◆ **Stored data**:
● ● ● ● ● ● ●

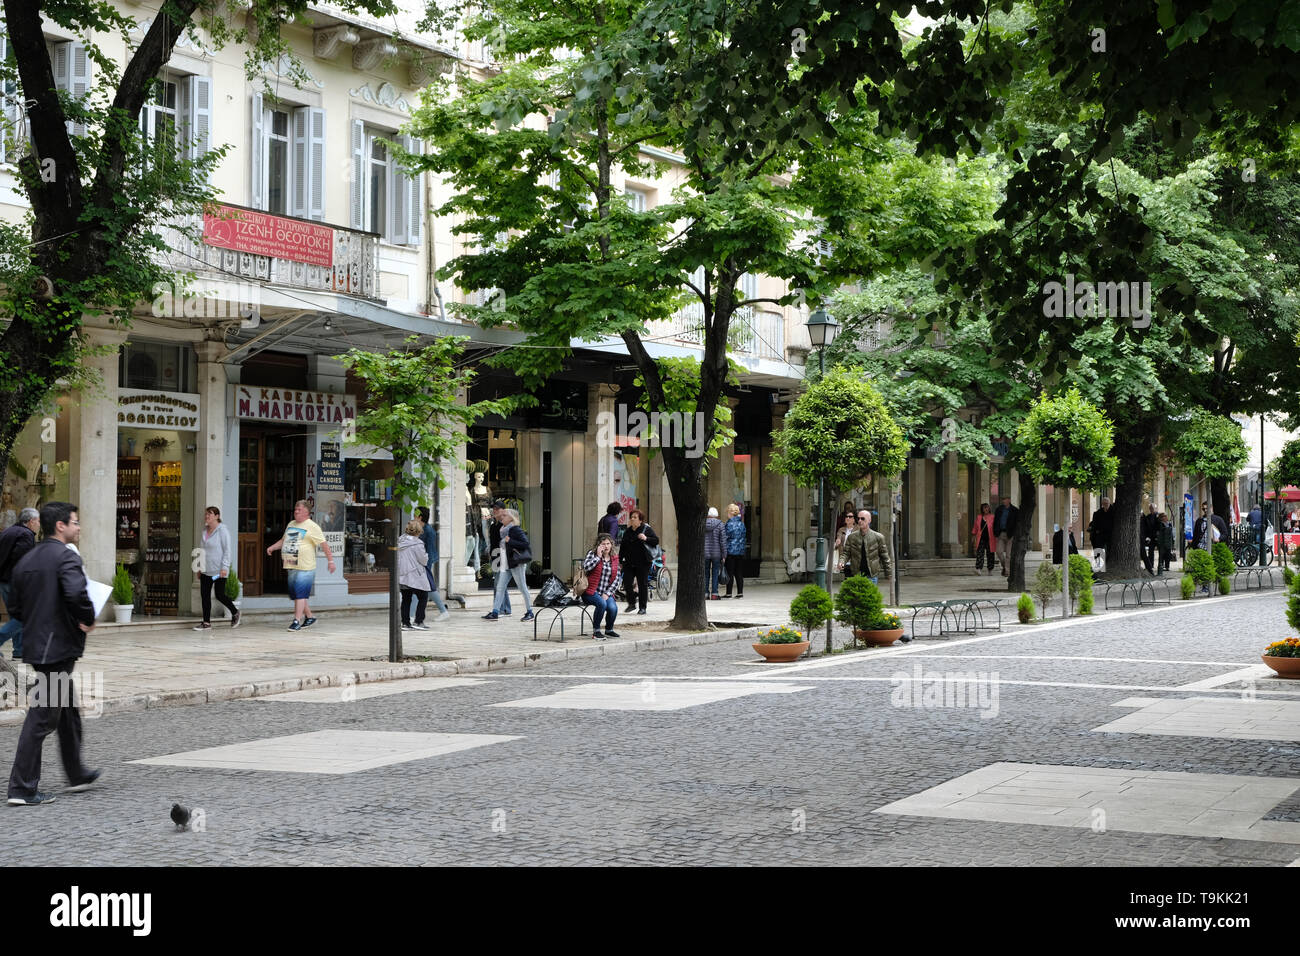 Gli amanti dello shopping, i turisti e la gente del luogo visita un pedetrianised area dello shopping della città di Corfù, Corfù, Grecia Foto Stock
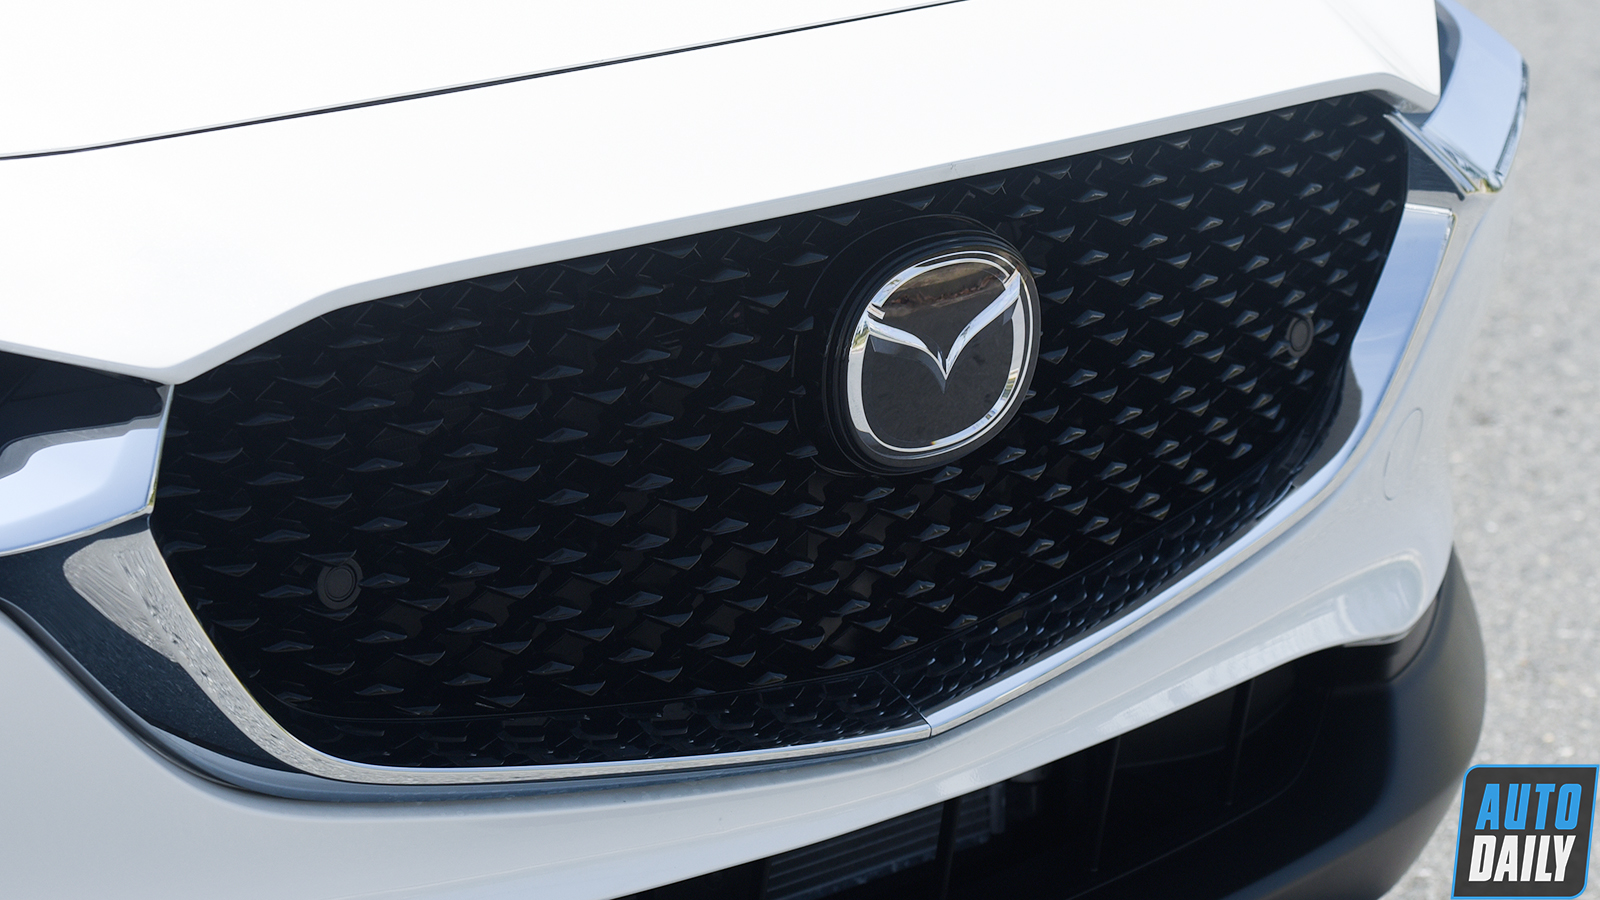 Hình ảnh chi tiết 2 phiên bản Mazda CX-30 vừa ra mắt tại Việt Nam adt-9961-copy.jpg
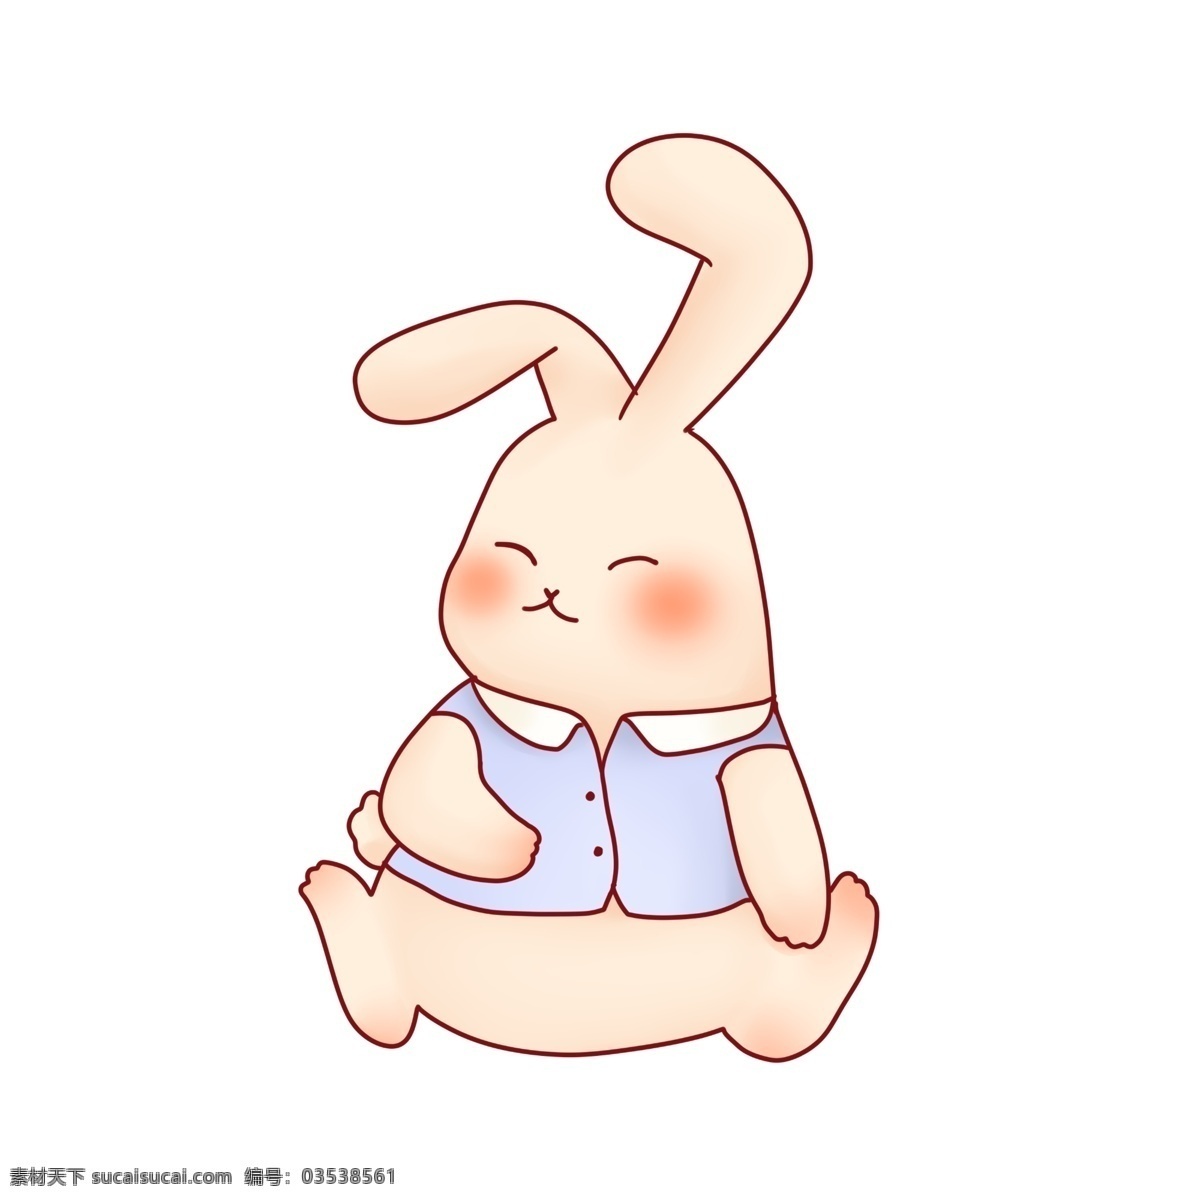 清新 甜美 可爱 拟人化 小 兔子 小兔子 动物 服装 儿童插画 耳朵 兔耳朵 萌 少女风

● ● ● ● ● ● ●

◆ **Your task**:
Output nothing but the lines from the line with "Hình ảnh chi" through the last line of the material above, please, word for word and without the pictures.

◆ **Written response**:
 Hình ảnh chi tiết 2 phiên bản Mazda CX-30 vừa ra mắt tại Việt Nam adt-9961-copy.jpg
 清新 甜美 可爱 拟人化 小 兔子 小兔子 动物 服装 儿童插画 耳朵 兔耳朵 萌 少女风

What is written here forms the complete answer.